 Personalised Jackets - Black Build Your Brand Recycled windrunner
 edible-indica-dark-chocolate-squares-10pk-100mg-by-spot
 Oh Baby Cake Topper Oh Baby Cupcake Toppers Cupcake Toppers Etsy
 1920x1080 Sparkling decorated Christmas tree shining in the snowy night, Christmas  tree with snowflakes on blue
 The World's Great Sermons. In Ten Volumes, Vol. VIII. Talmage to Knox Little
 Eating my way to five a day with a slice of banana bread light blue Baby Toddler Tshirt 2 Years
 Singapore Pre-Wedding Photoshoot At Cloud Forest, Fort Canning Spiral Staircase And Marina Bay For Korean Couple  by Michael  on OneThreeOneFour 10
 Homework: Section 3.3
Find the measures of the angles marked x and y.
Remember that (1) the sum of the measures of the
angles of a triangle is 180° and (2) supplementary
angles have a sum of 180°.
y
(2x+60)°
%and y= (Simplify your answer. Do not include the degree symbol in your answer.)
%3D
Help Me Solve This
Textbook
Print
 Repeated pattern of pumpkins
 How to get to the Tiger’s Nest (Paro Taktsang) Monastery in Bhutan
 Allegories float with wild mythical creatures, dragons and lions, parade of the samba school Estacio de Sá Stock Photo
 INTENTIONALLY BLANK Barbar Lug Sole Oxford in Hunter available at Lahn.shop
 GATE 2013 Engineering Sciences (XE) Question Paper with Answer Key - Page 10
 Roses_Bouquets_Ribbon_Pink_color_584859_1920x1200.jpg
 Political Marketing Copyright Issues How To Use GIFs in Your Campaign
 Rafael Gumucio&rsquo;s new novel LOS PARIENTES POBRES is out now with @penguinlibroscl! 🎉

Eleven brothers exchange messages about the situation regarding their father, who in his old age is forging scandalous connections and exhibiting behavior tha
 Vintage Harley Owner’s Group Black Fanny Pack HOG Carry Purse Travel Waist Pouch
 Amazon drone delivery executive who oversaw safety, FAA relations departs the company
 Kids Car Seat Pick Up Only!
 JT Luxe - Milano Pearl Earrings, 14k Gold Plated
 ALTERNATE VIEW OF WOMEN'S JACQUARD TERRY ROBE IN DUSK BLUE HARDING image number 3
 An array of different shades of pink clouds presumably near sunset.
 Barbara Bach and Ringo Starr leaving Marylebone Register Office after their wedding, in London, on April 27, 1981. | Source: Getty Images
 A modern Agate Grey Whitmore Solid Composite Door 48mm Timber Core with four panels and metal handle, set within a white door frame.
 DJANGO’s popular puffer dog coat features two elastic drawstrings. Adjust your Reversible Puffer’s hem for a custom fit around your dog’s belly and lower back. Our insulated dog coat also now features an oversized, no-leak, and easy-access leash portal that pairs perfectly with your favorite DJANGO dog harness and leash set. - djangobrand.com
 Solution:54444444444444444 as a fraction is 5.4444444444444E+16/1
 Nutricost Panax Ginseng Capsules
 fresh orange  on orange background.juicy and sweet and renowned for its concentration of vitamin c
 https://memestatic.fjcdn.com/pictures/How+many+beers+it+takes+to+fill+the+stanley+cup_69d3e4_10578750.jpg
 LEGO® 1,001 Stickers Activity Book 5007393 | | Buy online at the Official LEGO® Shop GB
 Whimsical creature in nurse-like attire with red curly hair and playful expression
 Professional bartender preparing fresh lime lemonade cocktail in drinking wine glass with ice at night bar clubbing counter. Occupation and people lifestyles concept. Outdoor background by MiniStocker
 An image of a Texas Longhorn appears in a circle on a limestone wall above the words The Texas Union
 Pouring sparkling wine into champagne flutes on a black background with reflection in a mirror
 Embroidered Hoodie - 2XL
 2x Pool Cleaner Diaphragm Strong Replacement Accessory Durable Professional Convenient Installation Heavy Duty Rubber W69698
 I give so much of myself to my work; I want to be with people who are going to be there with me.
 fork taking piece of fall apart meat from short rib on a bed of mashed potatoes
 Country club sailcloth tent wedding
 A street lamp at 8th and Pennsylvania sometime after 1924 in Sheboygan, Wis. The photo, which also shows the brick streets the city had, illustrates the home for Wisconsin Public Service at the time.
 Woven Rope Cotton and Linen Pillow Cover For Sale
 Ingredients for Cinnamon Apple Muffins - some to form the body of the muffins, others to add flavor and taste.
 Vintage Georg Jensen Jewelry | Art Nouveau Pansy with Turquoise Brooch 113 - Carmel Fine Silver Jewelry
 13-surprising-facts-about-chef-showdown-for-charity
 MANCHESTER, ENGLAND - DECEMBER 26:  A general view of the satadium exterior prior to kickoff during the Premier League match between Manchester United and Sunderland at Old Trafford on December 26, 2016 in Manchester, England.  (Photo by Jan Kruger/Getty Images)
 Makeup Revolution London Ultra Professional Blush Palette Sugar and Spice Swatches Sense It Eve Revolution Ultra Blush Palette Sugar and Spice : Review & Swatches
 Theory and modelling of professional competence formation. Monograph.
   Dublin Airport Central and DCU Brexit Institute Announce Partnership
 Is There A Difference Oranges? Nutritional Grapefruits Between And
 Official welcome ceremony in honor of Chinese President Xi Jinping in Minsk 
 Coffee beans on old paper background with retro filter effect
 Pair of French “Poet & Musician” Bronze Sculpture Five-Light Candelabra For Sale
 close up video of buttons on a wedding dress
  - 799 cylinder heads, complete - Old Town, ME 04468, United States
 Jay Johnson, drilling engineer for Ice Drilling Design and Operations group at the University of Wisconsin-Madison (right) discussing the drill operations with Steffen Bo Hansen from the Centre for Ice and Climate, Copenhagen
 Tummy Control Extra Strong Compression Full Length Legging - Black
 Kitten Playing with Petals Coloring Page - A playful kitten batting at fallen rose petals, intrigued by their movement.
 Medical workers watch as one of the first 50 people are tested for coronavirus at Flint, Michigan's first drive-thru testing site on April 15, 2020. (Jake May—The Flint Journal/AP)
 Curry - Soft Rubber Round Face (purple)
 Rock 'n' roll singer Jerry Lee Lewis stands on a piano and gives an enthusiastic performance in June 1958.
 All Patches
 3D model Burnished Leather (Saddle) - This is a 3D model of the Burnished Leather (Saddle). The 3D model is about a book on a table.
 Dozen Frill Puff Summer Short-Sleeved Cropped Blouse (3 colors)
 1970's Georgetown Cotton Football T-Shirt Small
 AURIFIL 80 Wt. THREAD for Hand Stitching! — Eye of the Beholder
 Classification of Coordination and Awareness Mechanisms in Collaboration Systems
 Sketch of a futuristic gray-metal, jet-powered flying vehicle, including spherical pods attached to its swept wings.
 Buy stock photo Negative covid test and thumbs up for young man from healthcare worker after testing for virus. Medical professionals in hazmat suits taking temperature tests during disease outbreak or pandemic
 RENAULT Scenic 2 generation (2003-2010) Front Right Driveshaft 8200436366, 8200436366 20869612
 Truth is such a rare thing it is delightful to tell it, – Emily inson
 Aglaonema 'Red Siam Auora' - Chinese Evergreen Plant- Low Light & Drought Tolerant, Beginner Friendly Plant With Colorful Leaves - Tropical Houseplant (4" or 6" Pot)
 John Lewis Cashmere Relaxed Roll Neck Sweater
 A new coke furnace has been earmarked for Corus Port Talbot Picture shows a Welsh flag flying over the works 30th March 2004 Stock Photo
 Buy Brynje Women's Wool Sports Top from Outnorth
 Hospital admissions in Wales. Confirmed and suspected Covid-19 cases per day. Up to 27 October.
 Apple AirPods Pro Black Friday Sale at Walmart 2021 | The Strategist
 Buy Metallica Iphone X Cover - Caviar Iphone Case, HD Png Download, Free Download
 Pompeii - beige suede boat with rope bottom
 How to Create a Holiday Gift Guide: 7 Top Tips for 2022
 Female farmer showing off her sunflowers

+++

**The task:** Copy each line of the data that contains the word "wine", leaving the other lines out.

**Exercise solution:**
 Professional bartender preparing fresh lime lemonade cocktail in drinking wine glass with ice at night bar clubbing counter. Occupation and people lifestyles concept. Outdoor background by MiniStocker
 Pouring sparkling wine into champagne flutes on a black background with reflection in a mirror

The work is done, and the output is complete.